Seorang teman itu terdiam. Saya juga terdiam. Apakah seorang teman itu berputus asa atas rahmat Allah? Entahlah. Coba saja kamu rasakan energinya.

Bagaimana dengan berharap kasih sayang Allah?

Di suatu malam, saya menulis perenungan.

Selama ini kita MINTA kepada-nya agar disayangi. Memangnya SELAMA INI kita tidak disayangi? Bagaimana jika kita meminta agar DIPAHAMKAN dengan kasih sayang-nya? Bukankah dengan memahami, kita bisa BERSIKAP PANTAS dengan Dia yang Maha Menyayangi?

Bukankah selama ini Allah begitu sayang kepada kita? Kitanya saja yang belum paham dan bersikap tidak sepantasnya atas kasih sayang Allah. Betul?

Tentang kejujuran. Ini adalah perjalanan panjang.

Hal yang saya khawatirkan adalah saat saya tidak lagi berbuat baik hanya karena asumsi penilaian manusia dan bisikan keraguan diri. Maka benarlah pesan Ustadz Bachtiar Nasir yang saya dengar dari channel Youtube AQL Islamic Center:

“Perlu bagi kita untuk berdoa kepada Allah agar dilindungi dari kuasa diri sendiri. Karena kuasa diri sendiri tak jarang terselip bisikan setan. Karena itu, jangan sampai sedetik pun kita terlepas dari kuasa dan lindungan Allah. Berdoalah kepada Allah agar selalu dijaga.”
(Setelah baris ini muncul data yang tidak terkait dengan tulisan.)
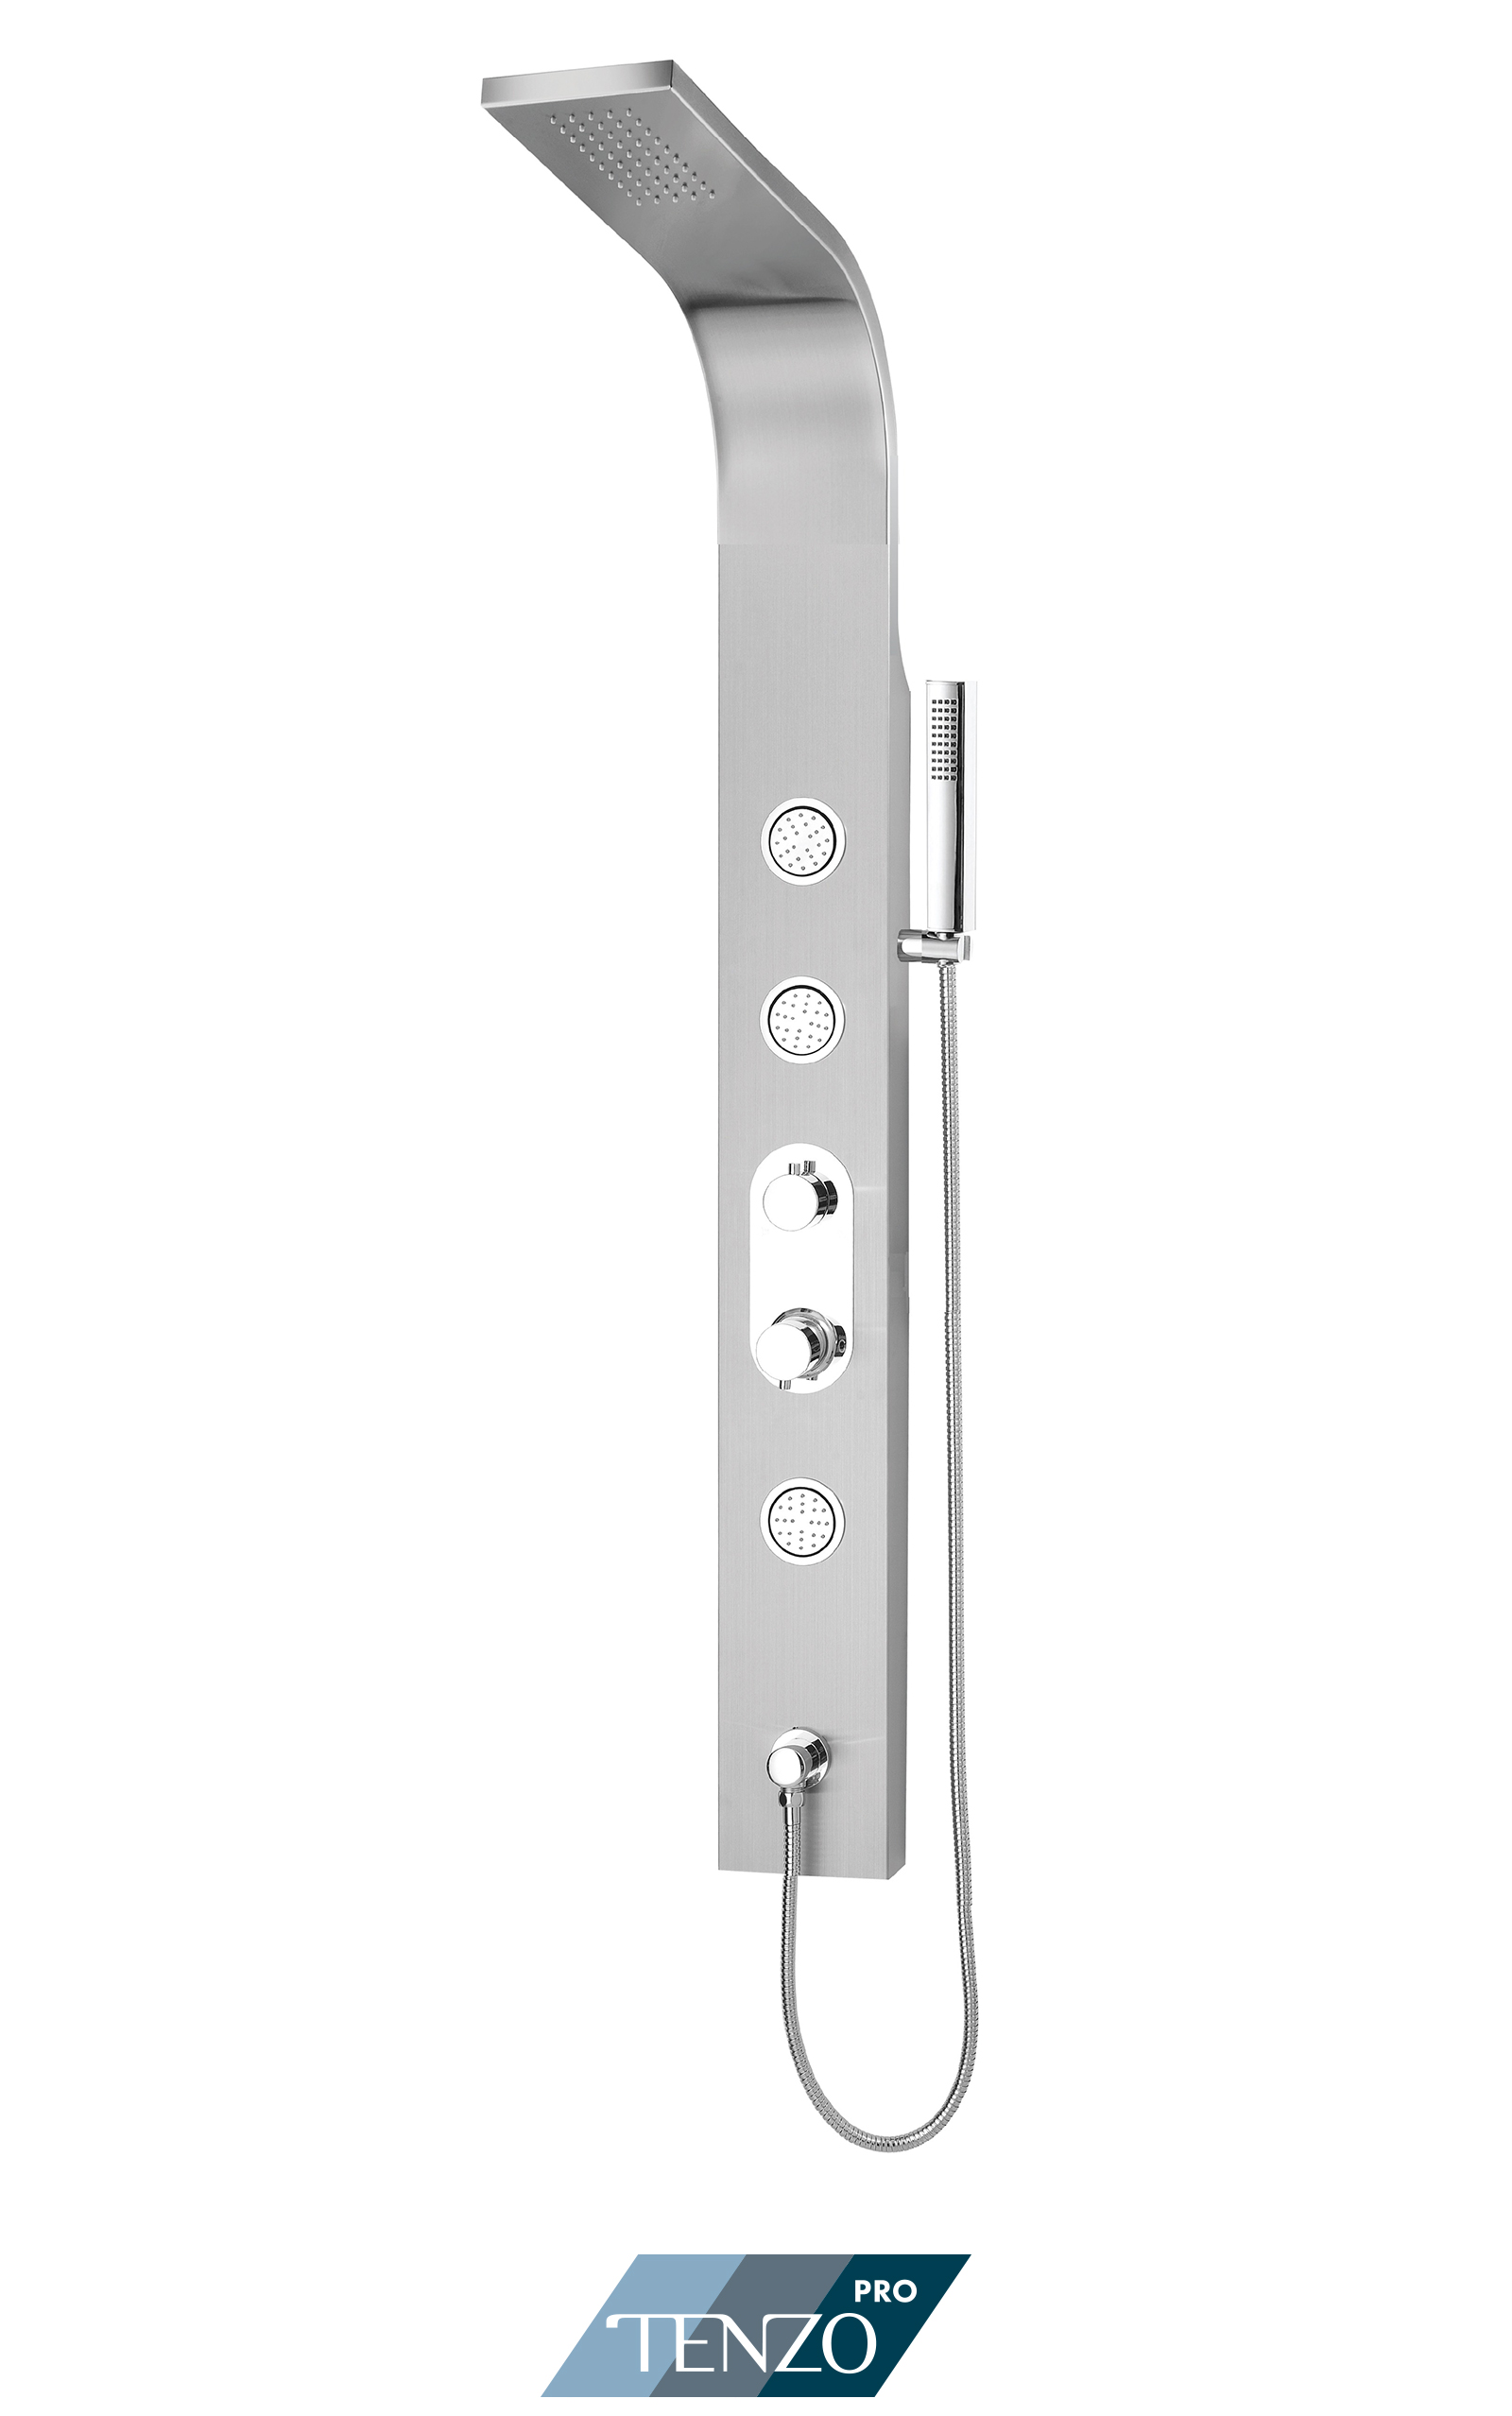 ETZST-52 - 3-Fonctions shower columns, Evolo

Tadabbur Ustadz Bachtiar Nasir atas Tafsir Al-Azhar Buya Hamka untuk Surah An-Naas

***

Pernahkah usahamu memperjuangkan sebuah nama kandas? Di saat yang sama, kamu sedang berbenah untuk lebih baik. Alhasil, kamu kecewa dan usahamu untuk menjadi lebih baik pun terhenti.

Pernahkah kamu menulis di dunia maya dengan niat awal yang “katanya” ingin bermanfaaat, menjadi tabungan amal, dan untuk Allah? Tapi saat kamu sudah menulis dan publish, ternyata yang like, comment, dan share sangat sedikit dibandingkan akun lain yang konetennya  biasa saja. Alhasil, kamu kecewa dan tidak lagi menulis.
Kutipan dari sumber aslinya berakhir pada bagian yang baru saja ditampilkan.